In some patients, medication can also help, so you are right to ask about your daughter seeing a specialist who can prescribe this.
Both a gynaecologist (who specialises in women’s reproductive health) and an endocrinologist (who focuses on conditions related to hormone disorders) would be able to help.
But my suggestion is that she sees a gynaecological endocrinologist. This is a gynaecologist with a specialism in hormone-related conditions — combining the two areas of expertise most relevant.
Depending on whether your daughter plans to have more children (you say she has one child), the specialist may suggest one of a number of treatments. These will likely prioritise her weight loss, along with a drug such as metformin (a medication for diabetes which improves effectiveness of insulin). Pioglitazone, which reduces insulin levels, may also be considered.
I am 88 and was born with an irregular heartbeat. I have trouble getting to sleep and I hear my heart beating very loudly when lying down. Is this unusual?
Jane Goldsmith, Woodingdean, Brighton.
The good news is that, as you were born with an irregular heartbeat, it is unlikely that your sleep disruption reflects any further heart deterioration, but rather confirms what you already knew.

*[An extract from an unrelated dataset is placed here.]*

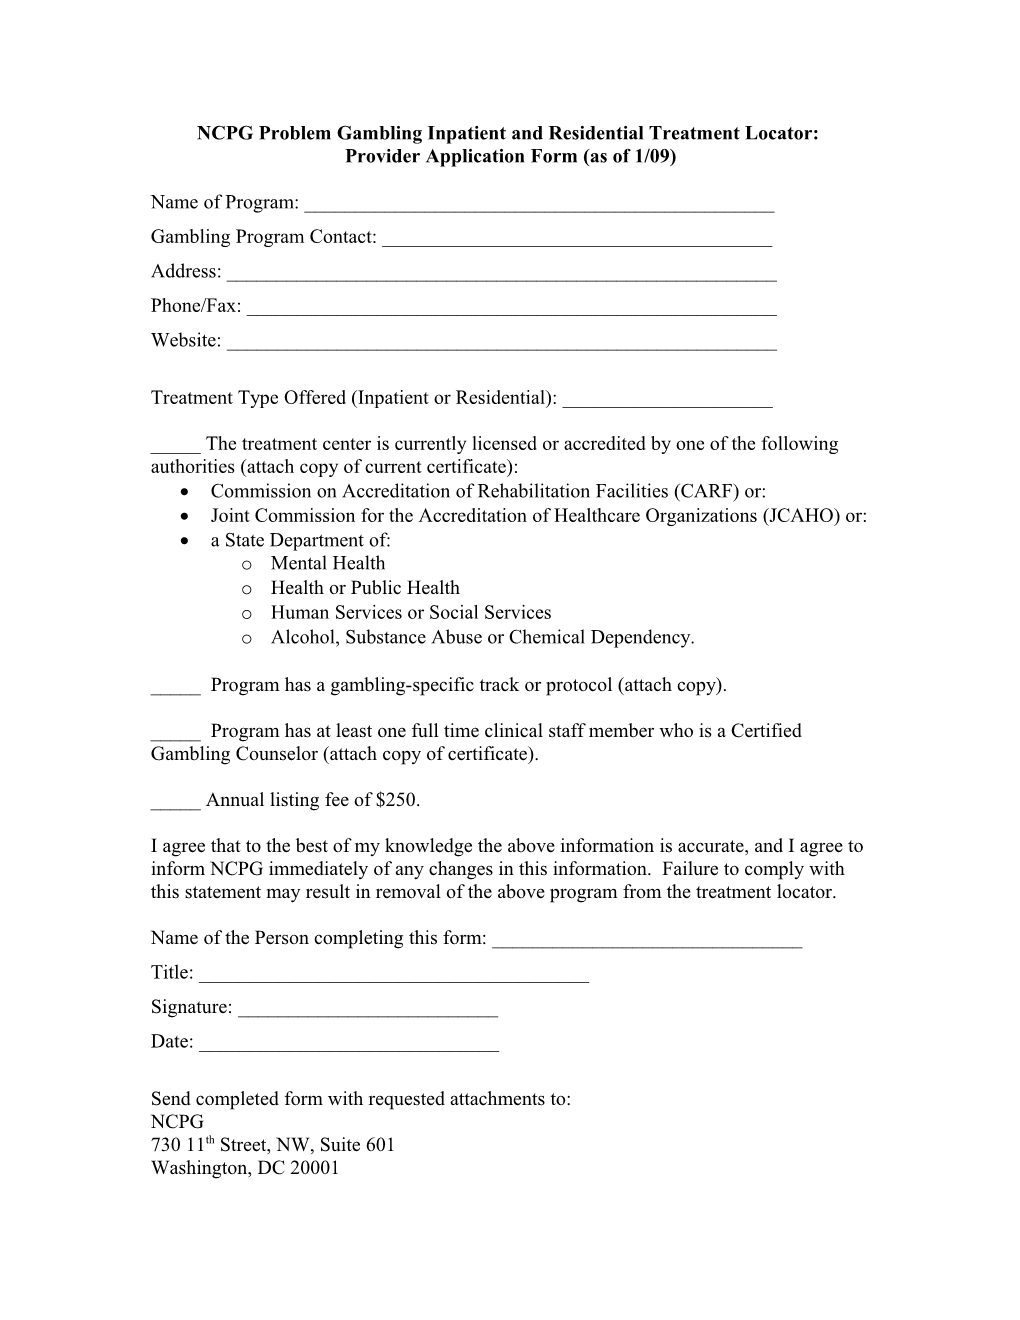 Provider Application Form

You have what are known as extrasystoles (also called ectopic beats or PVCs — premature ventricular contractions). These occur in all of us at times and are more common when we are under stress or drink excess caffeine, for example.
My guess is that your palpitations have always been occasional, rather than constant, but that they feel persistent when you lie down, possibly because the change in posture makes you more aware of it.
Despite my reassurance, it may be worth asking your GP or practice nurse to carry out an electrocardiogram (ECG, an electrical recording of the heartbeat). This simple test involves attaching sensors to the chest to check the electrical signals each time your heart beats.
The most common heart rhythm problem that occurs later in life is atrial fibrillation, which can feel the same as frequent extrasystoles but, if not identified and treated, may have significant complications, such as a raised risk of stroke.
For this reason, it is worth discussing the test with your doctor.
My guess is that your palpitations have always been occasional, rather than constant, but that they feel persistent when you lie down, possibly because the change in posture makes you more aware of it
Write to Dr Scurr
Write to Dr Scurr at Good Health, Daily Mail, 2 Derry Street, London W8 5TT or email [email protected] — include your contact details. Dr Scurr cannot enter into personal correspondence. Replies should be taken in a general context and always consult your own GP with any health worries.
In my view… Prescription charges are an unfair mess
The system of charges for prescriptions issued by GPs in England is an unfair mess — and could be about to get even worse.
People living in Wales, Scotland and Northern Ireland get their prescriptions for free, but in England it costs £9.35 per item, with only a few groups exempt from paying. One of those is the over-60s. However, there are now proposals to raise the threshold age to 66 (in line with retirement age).
Those who have to pay for NHS prescriptions can purchase a kind of season ticket, called a prescription prepayment certificate (PPC). At £30.25 for three months, it is cheaper than paying for individual prescriptions if you usually have four or more every three months. For 12 months, it’s £108.10 and will save you money if you need more than 11 prescriptions a year.
So if this new charge comes in and you’re between the ages of 60 and 66, a PPC could be one way to keep the costs down.
But in an NHS that prides itself on free healthcare for all at the point of delivery, why is anyone even considering charging older people (many of whom are retired) for their medication?
Far better to have equality across the four nations of the UK — i.e. no prescription charges for anyone in England, too. Charging for prescriptions in England alone is simply unfair.